NLP Embeddings

Embeddings are vector representations of tokens (words or subwords) so machines can work with text. They place tokens in a multi-dimensional space where similar meanings end up closer together.

Static vs. Contextual Embeddings

The biggest evolution in NLP was moving from “one word, one vector” to “one word, many vectors (depending on context)“.

1. Static Embeddings (Word2Vec)

Models: Word2Vec, GloVe, FastText

In these models, a token has a fixed representation regardless of where it appears.

How it works: Assigns a single vector to each word in the vocabulary.
The Problem: It cannot handle polysemy (words with multiple meanings).
- Example: The word “bank” has the same vector in “river bank” and “bank deposit”. The model can’t tell the difference.

2. Contextual Embeddings (BERT)

Models: BERT, RoBERTa, GPT (Transformer-based models)

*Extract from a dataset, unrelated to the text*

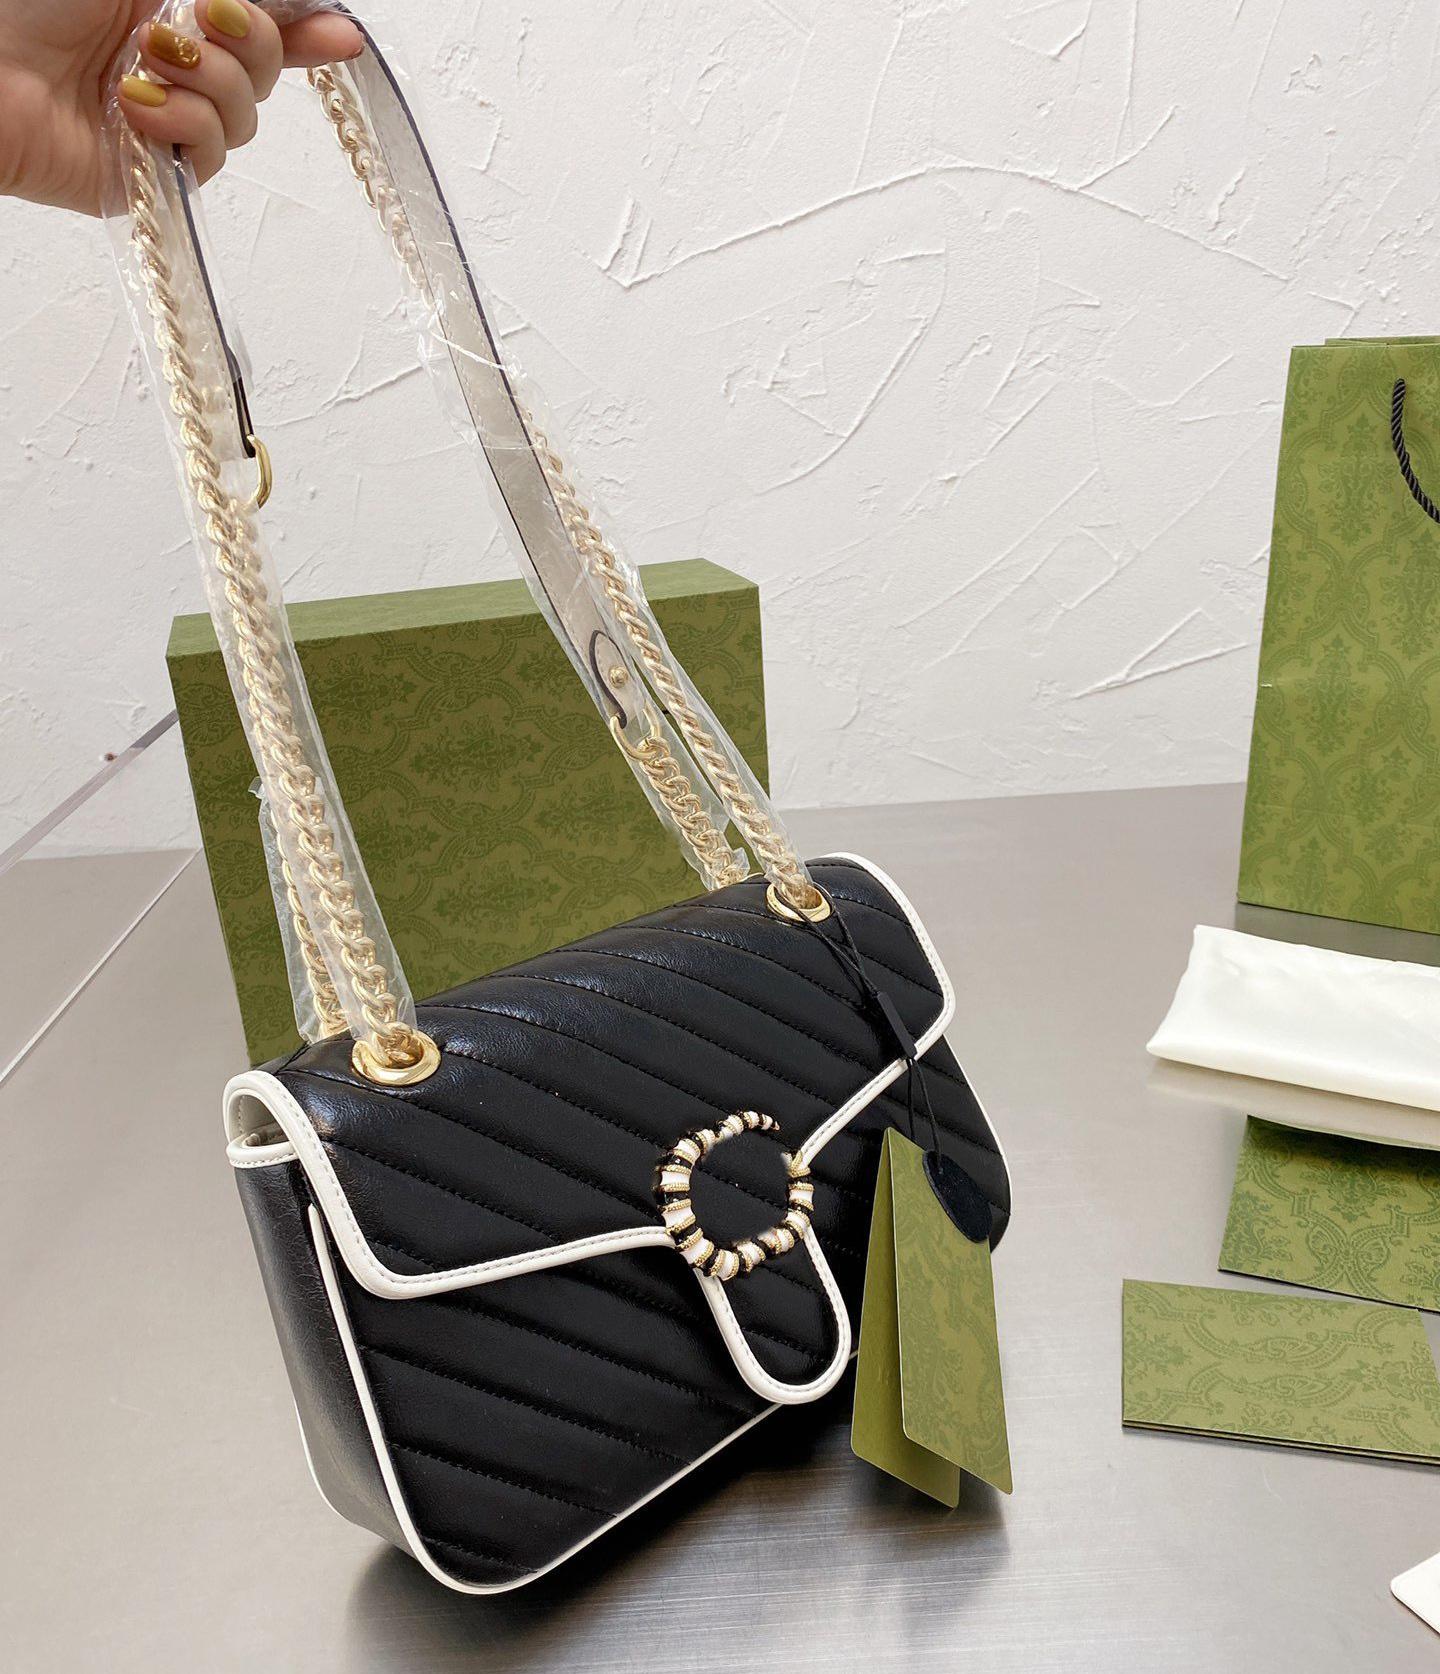 Designer Crossbody Tote Borsa a tracolla Messenger Handbag Portafoglio Sella borsa Lvlouis Zaino con logo GUCCI A68

In these models, the representation of a token changes dynamically based on surrounding tokens.

How it works: Uses attention to incorporate context. BERT uses bidirectional attention; GPT uses causal (left-to-right) attention.
The Solution: It understands context.
- Example: The vector for “bank” in “river bank” is completely different from the vector for “bank” in “bank deposit”.

Comparison Table

Feature	Word2Vec / GloVe	BERT (Transformer)
Type	Static Embedding	Contextual Embedding
Context Awareness	❌ None (Context-independent)	✅ High (Context-dependent)
Handling Polysemy	❌ Fails (One vector per word)	✅ Excellent (Different vectors for same word)
Computation	Fast, lightweight	Slower, computationally heavy
Best For	Simple analogies, keyword matching	Complex understanding, QA, sentiment analysis

Exam Tips

Exam Tip: Contextual embeddings (e.g., BERT, RoBERTa, GPT) differentiate contextual meanings of the same word in different phrases (polysemy).

Exam Tip: Word2Vec and GloVe are static and cannot distinguish context.